The measure, which is part of the central bank’s Domestic Gold Purchase Programme (DGPP), is aimed at increasing gold as the asset cover in the country’s reserves to provide additional buffers to help the economy withstand future economic shocks.

Speaking on the impact and benefits of the DGPP at the 2023 Gold Expo in Takoradi last Saturday, Dr Addison said at the launch of the DGPP in June 2021, the objective was to double the central bank’s gold reserves which stood at 8.77 tonnes in five years.

Using the spot price of gold to be $63,000 per kg as of yesterday, the Daily Graphic estimates that the 7.70 tonnes of gold could be valued at more than $485 million.

This brings the total gold in the country’s reserves to 16.47 tonnes.

“I am happy to announce that since the inception of the DGPP programme in June 2021, the central bank has added more than 7.70 tonnes of monetary gold to the gold reserves as of June 30, 2023,” Dr Addison said.

On the sources of the gold in the reserve, the Governor said mining firms contributed about 80 per cent and the remaining 20 per cent was from the artisanal and small-scale mining (ASM) sector via an approved aggregator.
 

The Gold Expo

The Ghana Mining Expo 2023, under the patronage of the Ministry of Lands and Natural Resources and agencies, the Western Regional Coordinating Council, mining companies and services, the platform has been created to enable a conversation among stakeholders in the mining sub-sector.

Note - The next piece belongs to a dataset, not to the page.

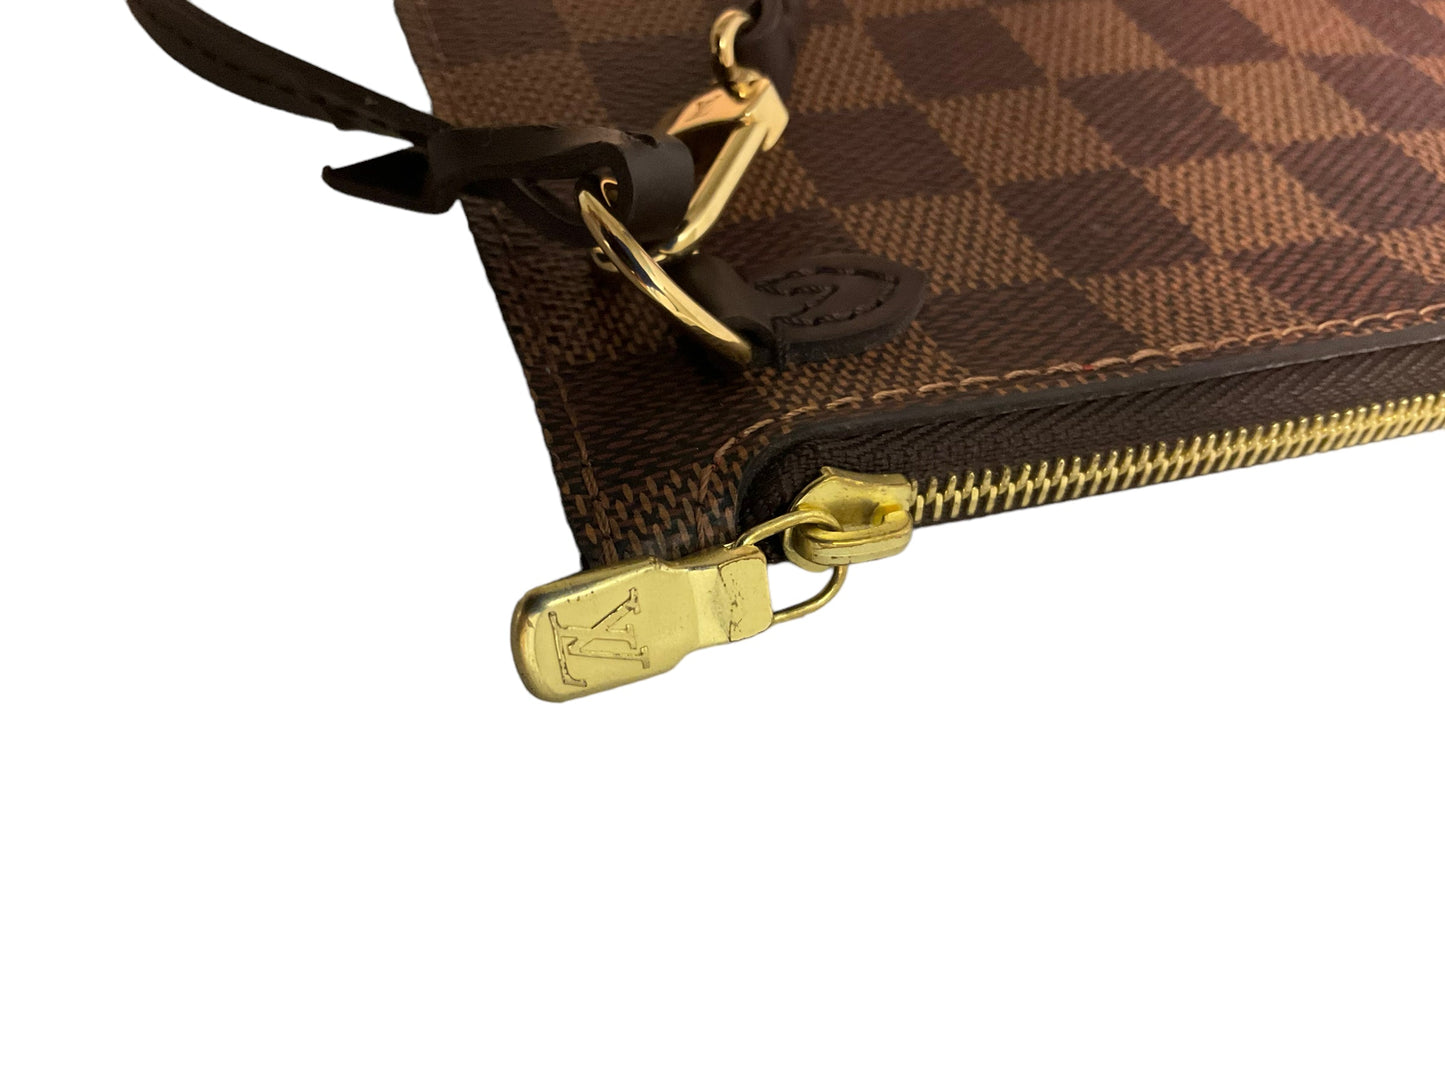 Checkered Pattern Handbag Luxury Designer Louis Vuitton, Size Small

The expo was also to boost the interest of investors and promote responsible and safe mining.

The theme for this year was “Sustainable Mineral Resources Development and the Well-being in Mining Communities’’ and it enabled stakeholders to discuss, deliberate and showcase success stories.

The progress

Dr Addison said the country was on course to more than double the level of the central bank’s gold reserves by the end of this year, and that “we are well ahead of the target initially set.”

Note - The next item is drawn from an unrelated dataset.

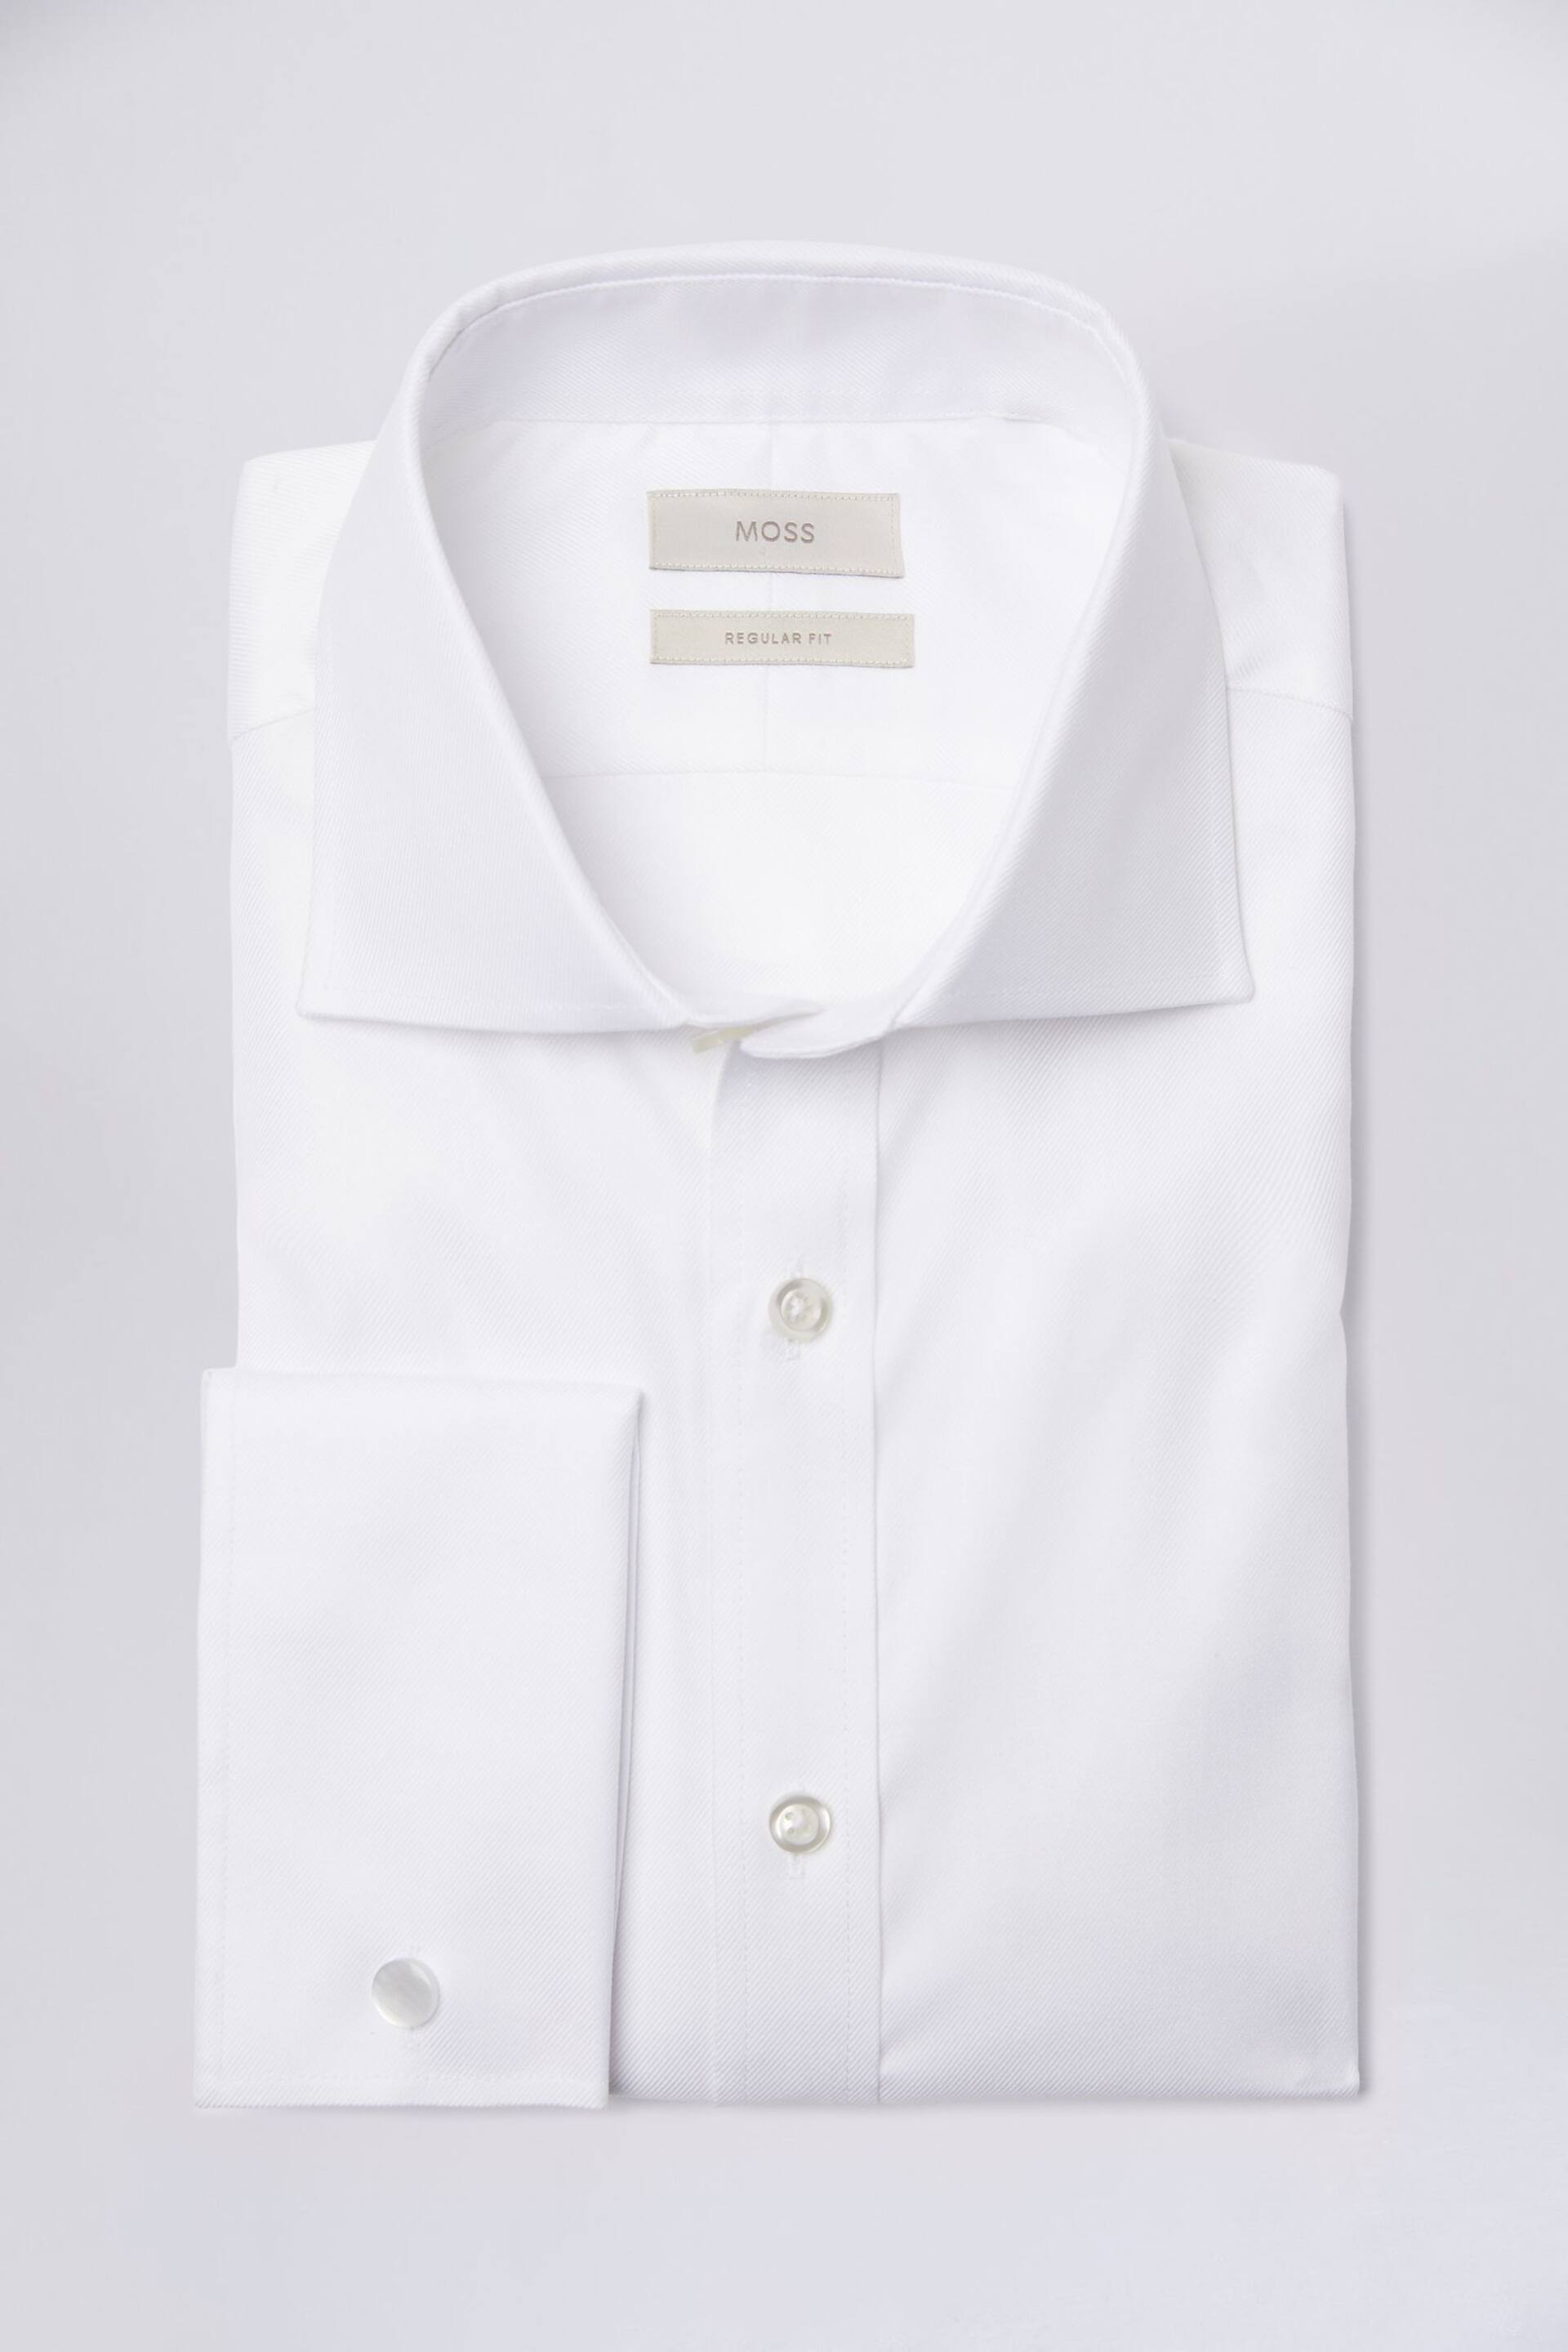 MOSS White Double Cuff Twill Shirt - Image 4 of 4

The gold purchase programme uniquely provides an avenue to organically grow the country’s foreign reserves through the refining of the purchased gold, without distorting incentives of local gold producers, he explained.

Over the medium to long term, the Governor said the programme had the potential to support the price stability mandate of the central bank if the extra Ghana cedi liquidity through the domestic gold purchases was mopped up through the open market operations.

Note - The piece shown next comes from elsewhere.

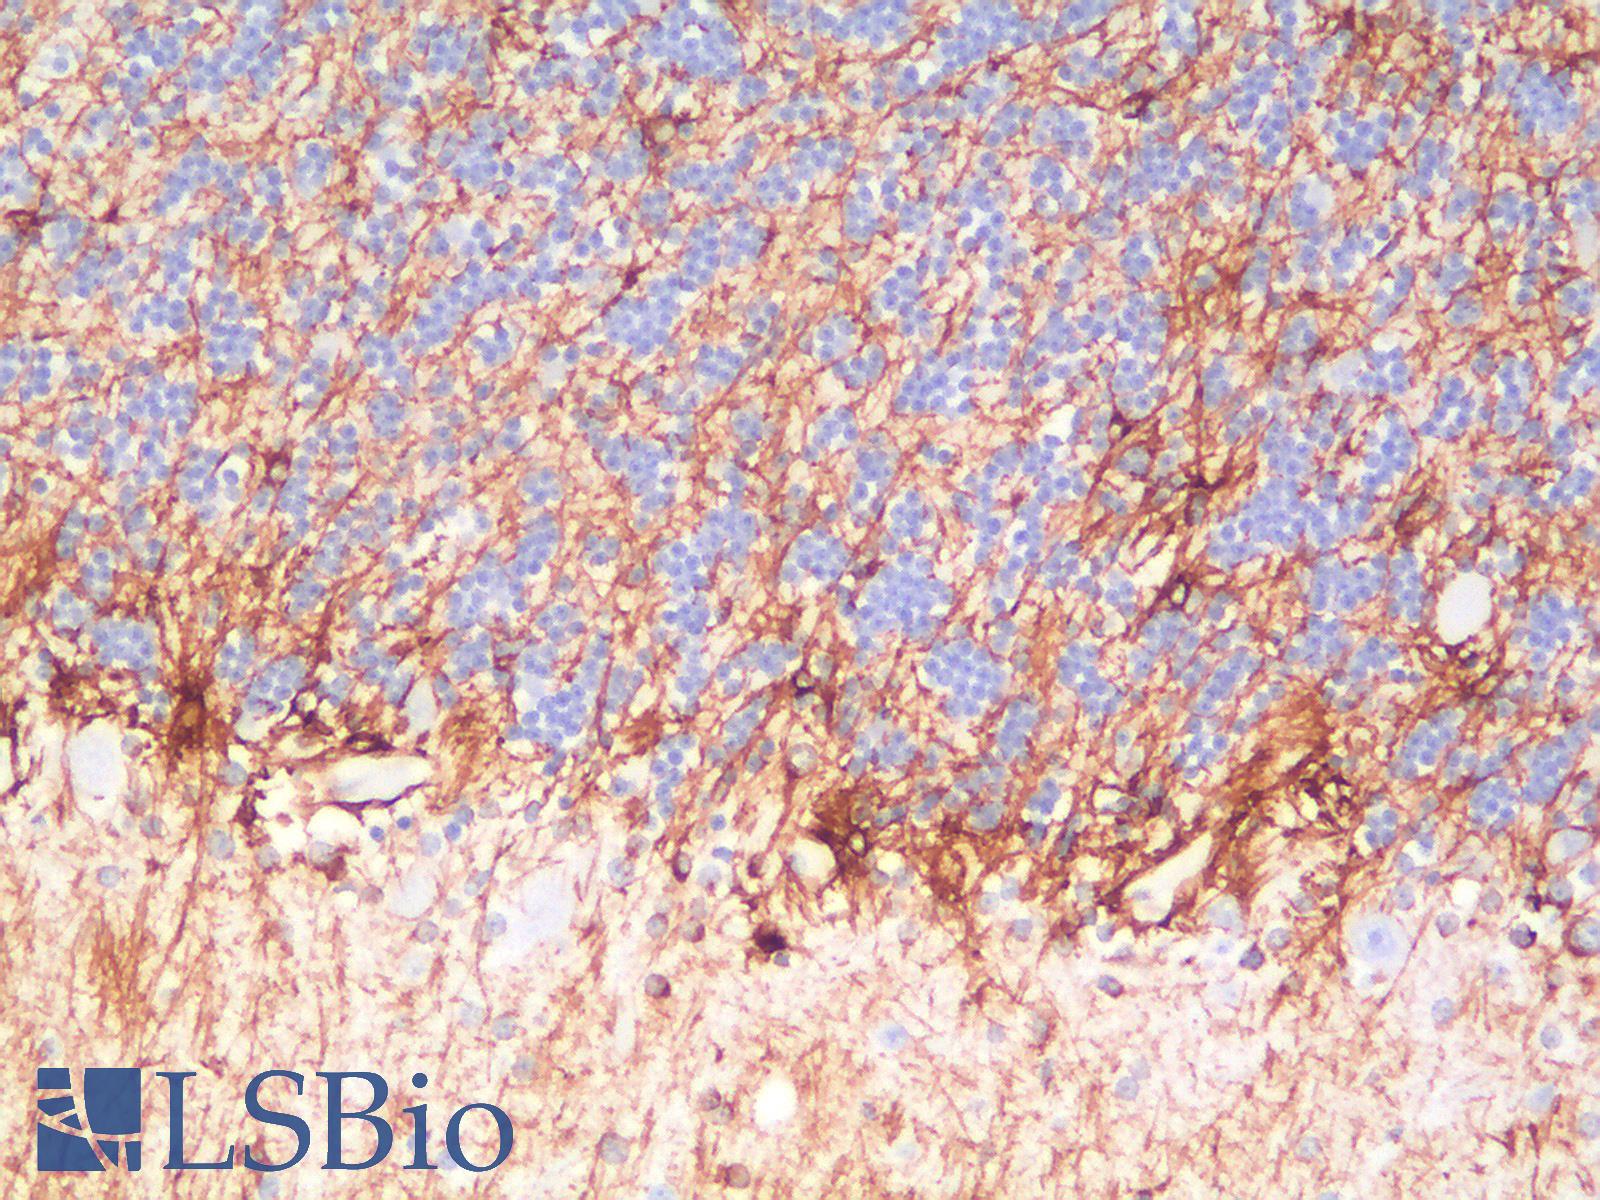 GFAP Antibody - Human Cerebellum: Formalin-Fixed, Paraffin-Embedded (FFPE)

The DGPP also supports the ASM sector as the BoG bought gold at competitive prices from them, Dr Addison said.

“This doré gold is stockpiled and shipped to LBMA citified refineries that refine the Dore gold to London Gold Refinery Base,” the Governor said.

A doré bar is a semi-pure alloy of gold and silver.

It is usually created at the site of a mine and then transported to a refinery for further purification.
 

Benefits

Working with consultants, Positive Impact Sarl (Geneva), Aurum Global Partners and Ghana Gold Expo Foundation, Dr Addison said the BoG had developed a responsible sourcing and due diligence framework for the DGPP, which was expected to drive the process forward by promoting responsible and sustainable mining in the domestic ASM sector.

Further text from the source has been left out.